TripleTen for Business empowers companies to achieve their business goals by bridging talent gaps in Data Science, AI for professionals, Python Development, and Management.
In Short
Develop infrastructure, and write solutions to simplify operations.
Build processes to achieve and maintain 99.99% uptime, and improve the exercise process.
Develop automation and service reliability, plan resources, and reduce ops in development.
Build infrastructure and monitoring, help developers solve infrastructure problems, train developers to solve problems independently, and improve the observability of infrastructure, monitoring, schedules, and alerts.
Requirements
2+ years of Site Reliability Experience.
Experience working with Prometheus - must have.
Experience working with Kubernetes, GitLab CI, and Ansible.
Experience working with Unix systems (we have Ubuntu) and the console.
Understanding the basics of TCP/IP to build networks, how web services work, REST API, and gRPC.
Experience performing diagnostics, including interpreting the output of Ps, Top, Strace, Perf, and TCPDump.
Understanding of how user applications interact with the operating system, including familiarity with system calls, processes, and threads.
Willingness to build high-load systems and understanding of how to do that.
Understanding of fault tolerance and service scaling.
High degree of emotional intelligence, ability to find common ground with colleagues and work as part of a team.
Must be professionally fluent in English.
Benefits
Full-time remote collaboration with a convenient schedule.
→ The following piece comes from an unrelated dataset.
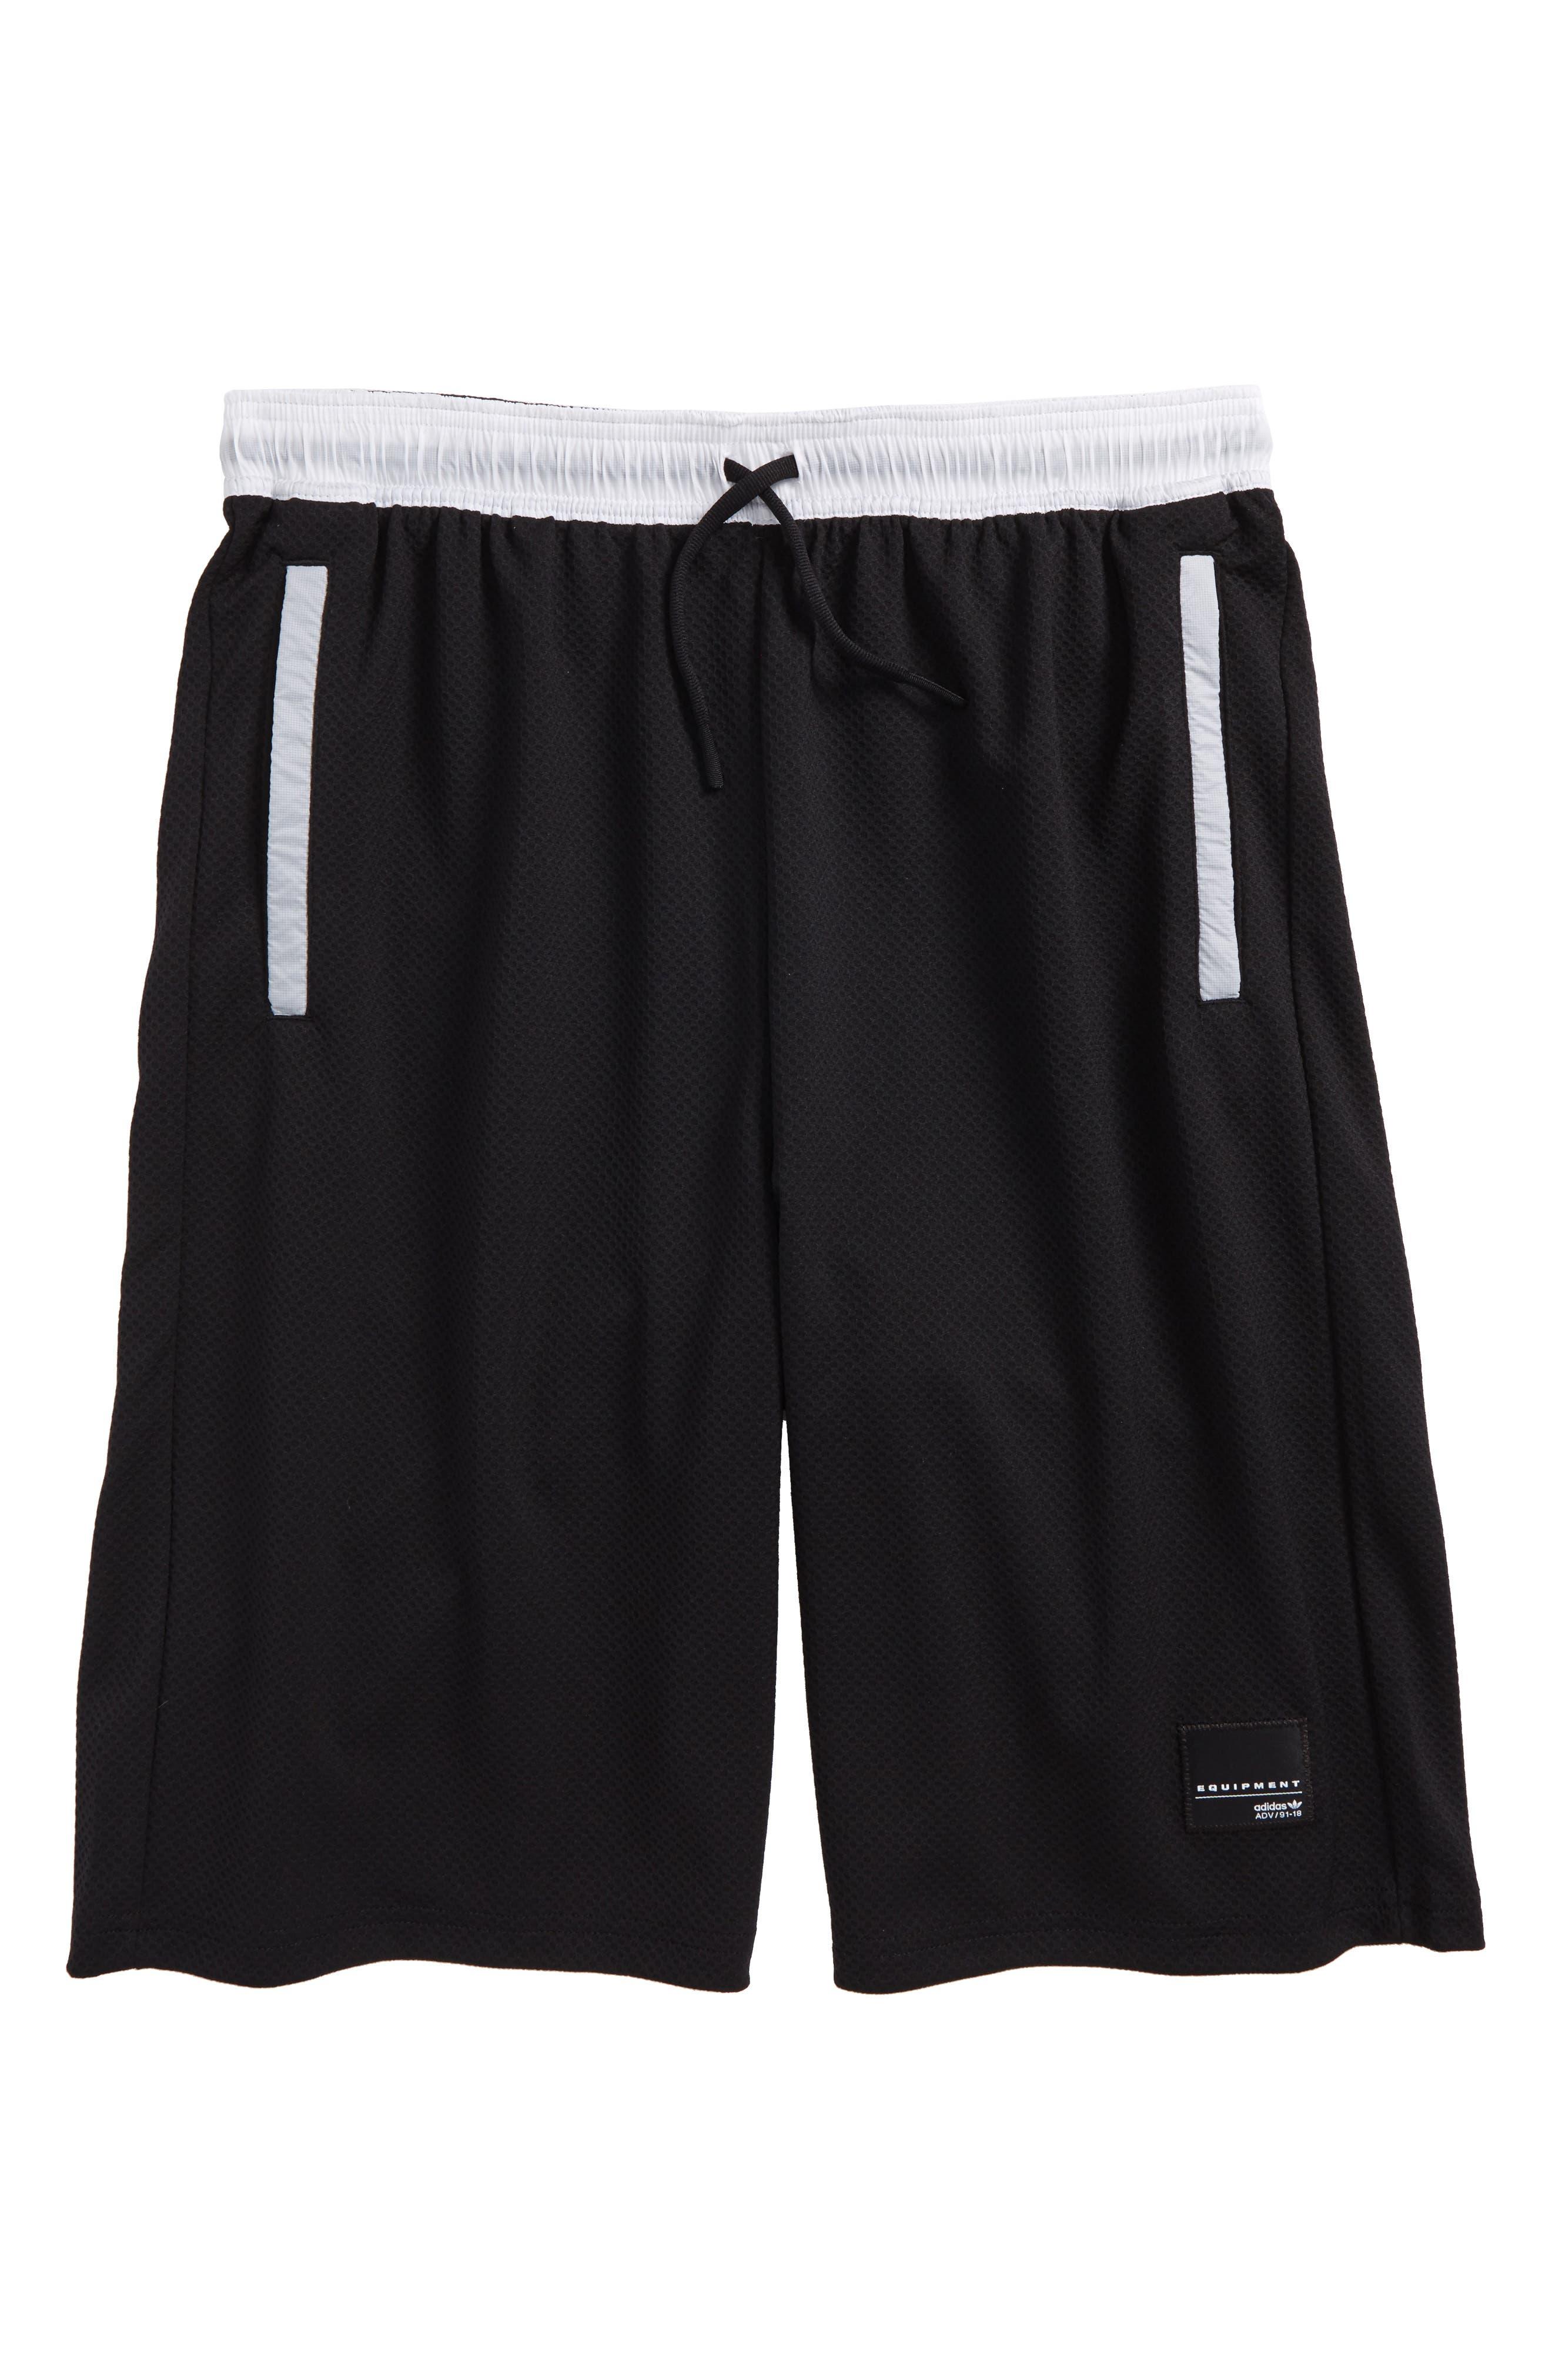 EQT Shorts,                             Main thumbnail 1, color,                             001

Professional freedom, where we trust your experience instead of wasting each other's time and effort micromanaging;
A diverse and tight-knit team. Our teammates are spread out across Serbia, the US, Israel, Georgia, Armenia, Latin America, and more. They’ve worked at all of big techs, ed-techs, design agencies, and cultural institutions;
Comfortable digital workspace. We use Miro, Notion, Google Workspace, Jira, etc.— to make working together process seamless.